The 1999-2001 era of “Boy-Bands and the Subversively Sexual Femme Pop Star” is a recent past that is near forgotten. Not just because a self-induced amnesia prevents us from reminiscing about bungee pants and blond highlights, but also, because the very provocateurs of this era have either moved on or moved on out. Some aged beyond the point of irony (The Backstreet Boys), others faded into semi-obscurity (but you’re still cute, Mandy), and the great one self-destructed (at least she has hair again now). Justin Timberlake is the only true survivor of The Mickey Mouse Club, because he teamed up with the right producer, Timbaland, at the right time and became an unlikely tastemaker.

The most interesting person of this crowd, however, is the historically less popular, comparably less attractive singer, the one we defended for having an “unbelievable voice” — Christina Aguilera. She is the only one who has successfully remained in music trend limbo for the last eight years, rising with each fad and ebbing helplessly with its decline.

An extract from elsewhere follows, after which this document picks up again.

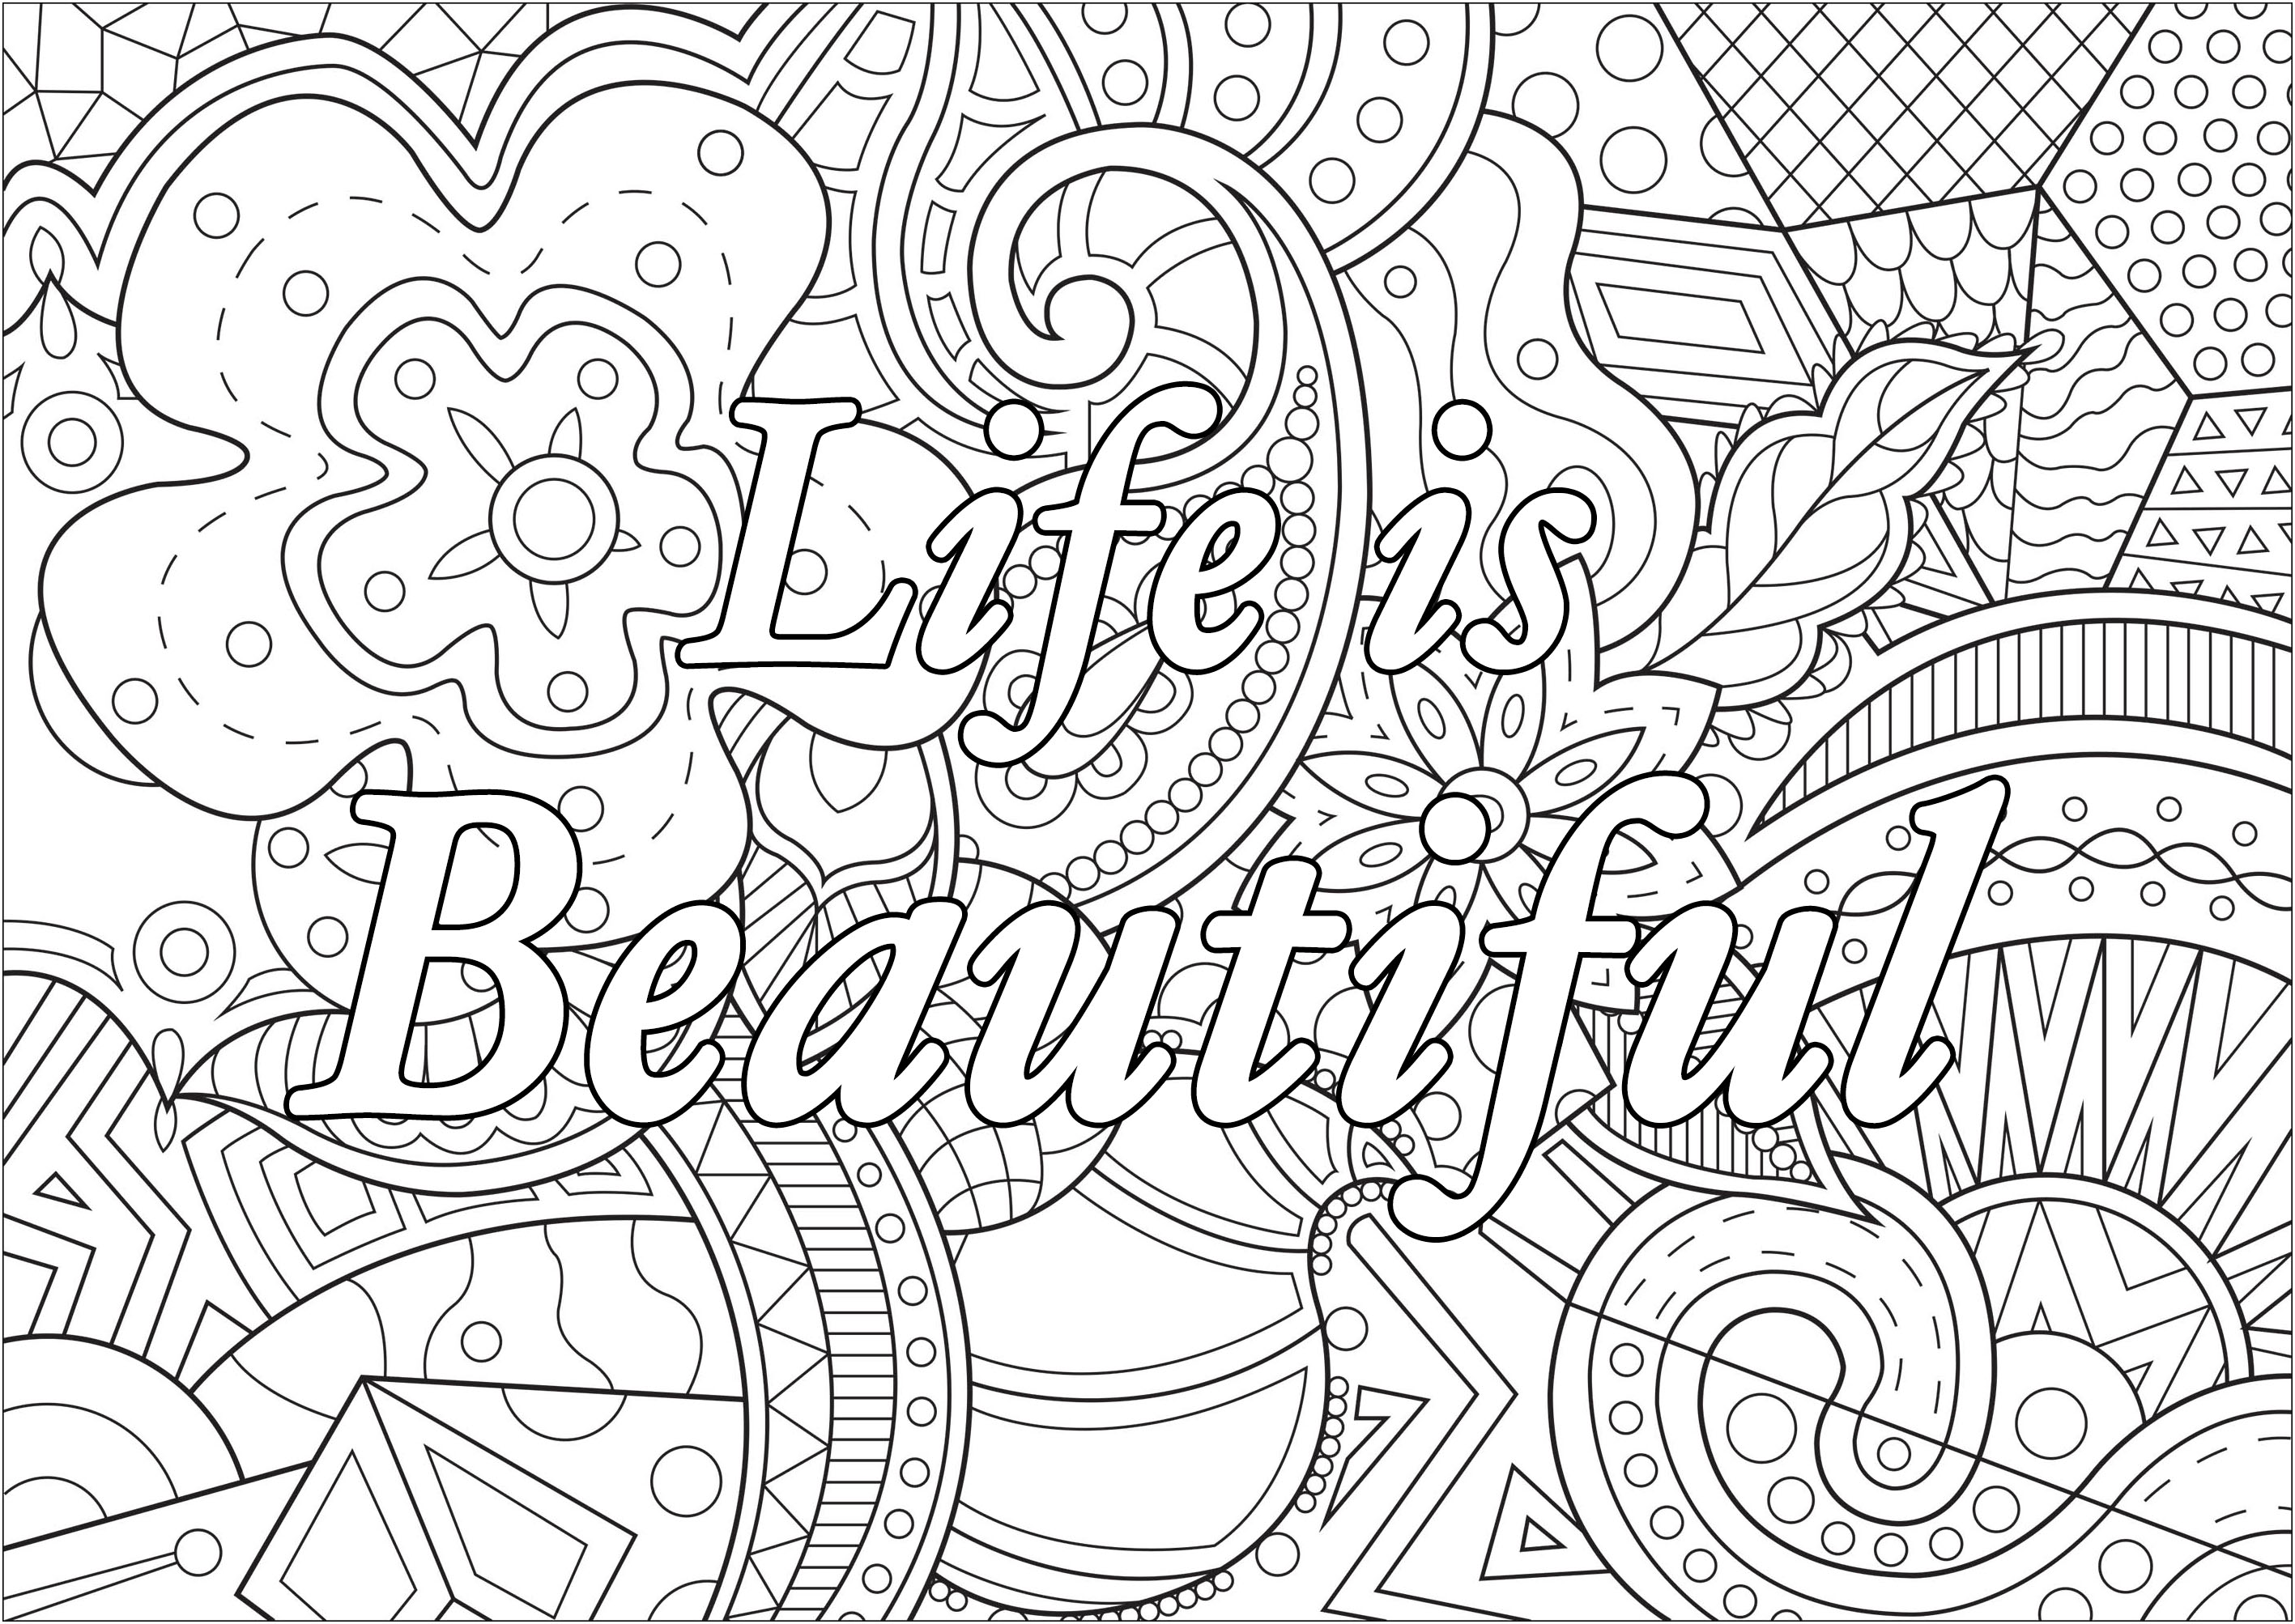 La vida es bella

Unlike Madonna, who set the industry’s trend one pointy breast at a time, Aguilera has been a cautiously calculated follower. She got in “Dirty” in 2002, appearing in a boxing ring with assless chaps to appeal to an aged teeny bopper crowd. Two years later, when the “sexy” image devolved to “slutty” and, subsequently, “trashy,” Aguilera sought reinvention as an edgy pseudo-feminist, rallying behind the inspirational theme of “words can’t bring me down.” Her most recent studio album, 2006’s Back to Basics, saw the artist transmute into a petite Marilyn Monroe during the rise of vintage-chic fashion. Even her greatest hits album, released last year, contained “re-inventions” of her past hits. Yes, “Genie 2.0″ was actually on the album, and no, it did not rub anyone the right way. Not to mention she looked like Lady GaGa on the cover. Did these jumbled career choices really happen in less than a decade? Does she still have a belly-button ring?

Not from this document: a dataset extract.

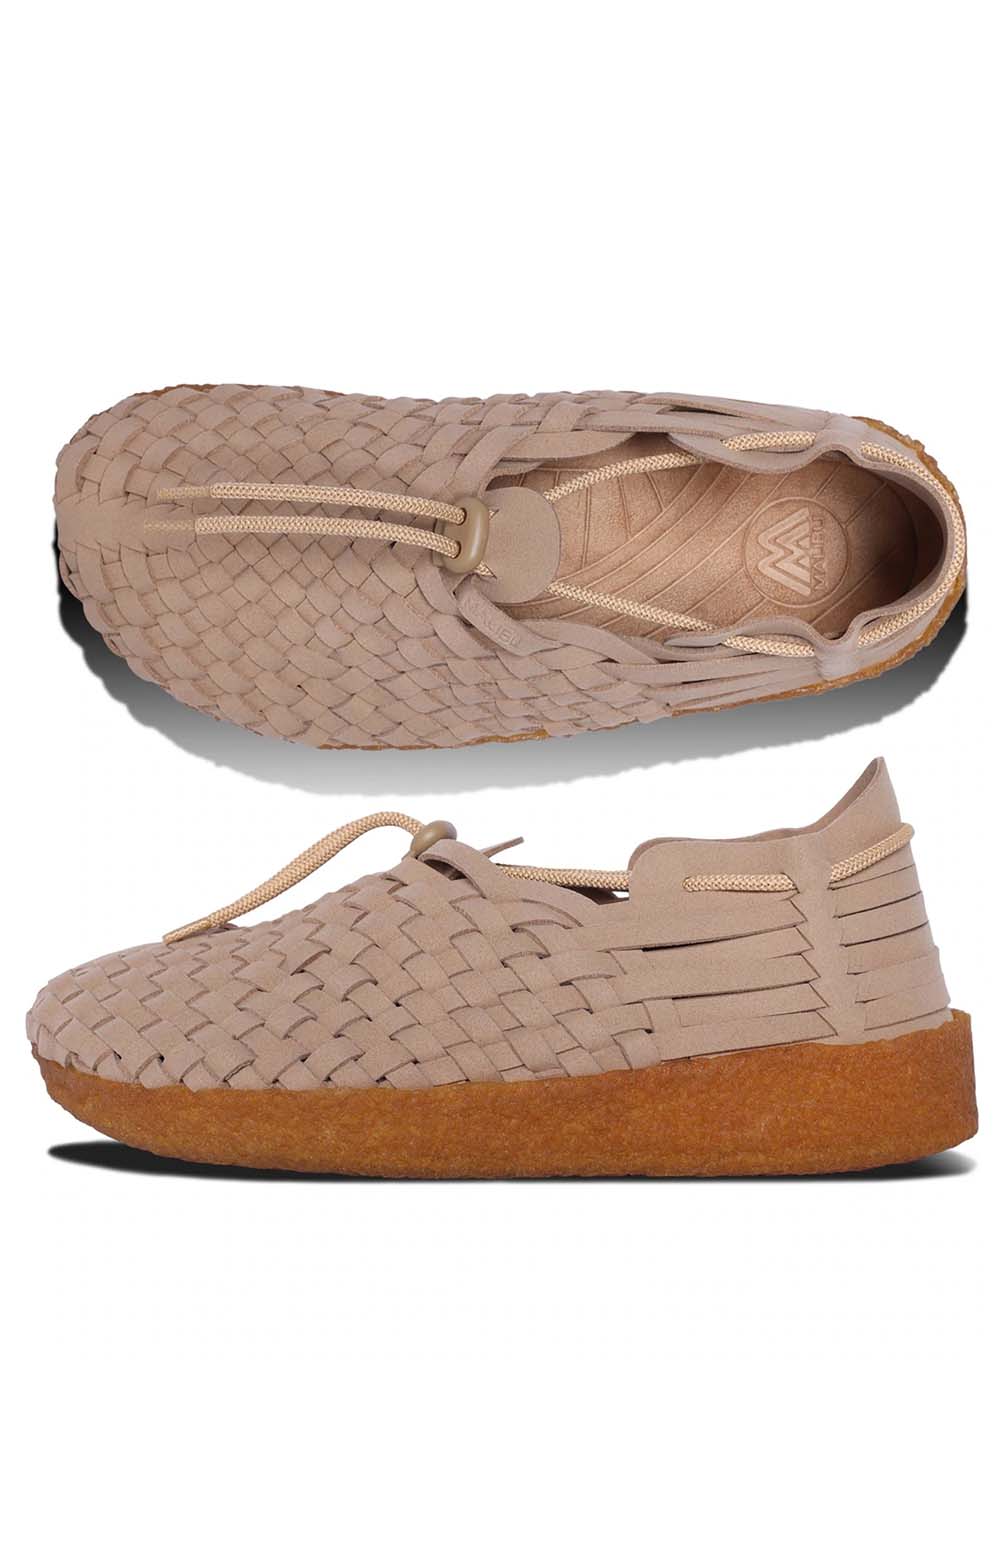 Malibu Sandals Women's, Latigo Suede Vegan Leather Shoes - Beige

In talking about her upcoming album, Rob Lewis, Aguilera’s music director, unintentionally summed up the artist’s entire career one paradoxical sentence: “But I can tell you that what you will see and hear from Christina will be different, original, and probably against the grain: the true form for Christina…always re-creating herself.” Something that is constantly changing is much less a “form” than it is a variant of Play-Doh. This explains why Aguilera describes her upcoming sound as “a very futuristic, robotic sound and computer-sounding vocals.” Maybe she was talking about Kanye West, or T-Pain, or the new Black Eyed-Peas single, or Lil Wayne. And to cater to the great dichotomy between indie music and mainstream pop, Aguilera is reportedly teaming up with the electro-indie groups, Le Tigre, Ladytron, and Goldfrapp.

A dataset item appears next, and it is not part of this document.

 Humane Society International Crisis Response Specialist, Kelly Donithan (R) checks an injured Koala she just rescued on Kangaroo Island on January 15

Aguilera is an artist who has had the unfortunate privilege of pioneering a genre in her teenage years, but, in an effort to “get with the times,” has resigned herself to the flightiness of a politician. With the leading reigns of pop music beyond her reach, Aguilera has surrendered herself to the whims of pop culture. Soon, she will willingly relinquish her most defining trait, the voice, to auto-tune. “I’m experimenting with my voice in ways I’ve never done before, almost like a technical, computer-generated sound, which is different for me because I’m the type of vocalist that just belt.” She almost makes it seem like it’s an accident that, based on her stylistic changes, she is the human wikipedia for music in 2000-2010. At least no one else in the Mickey Mouse Club will be able to do that.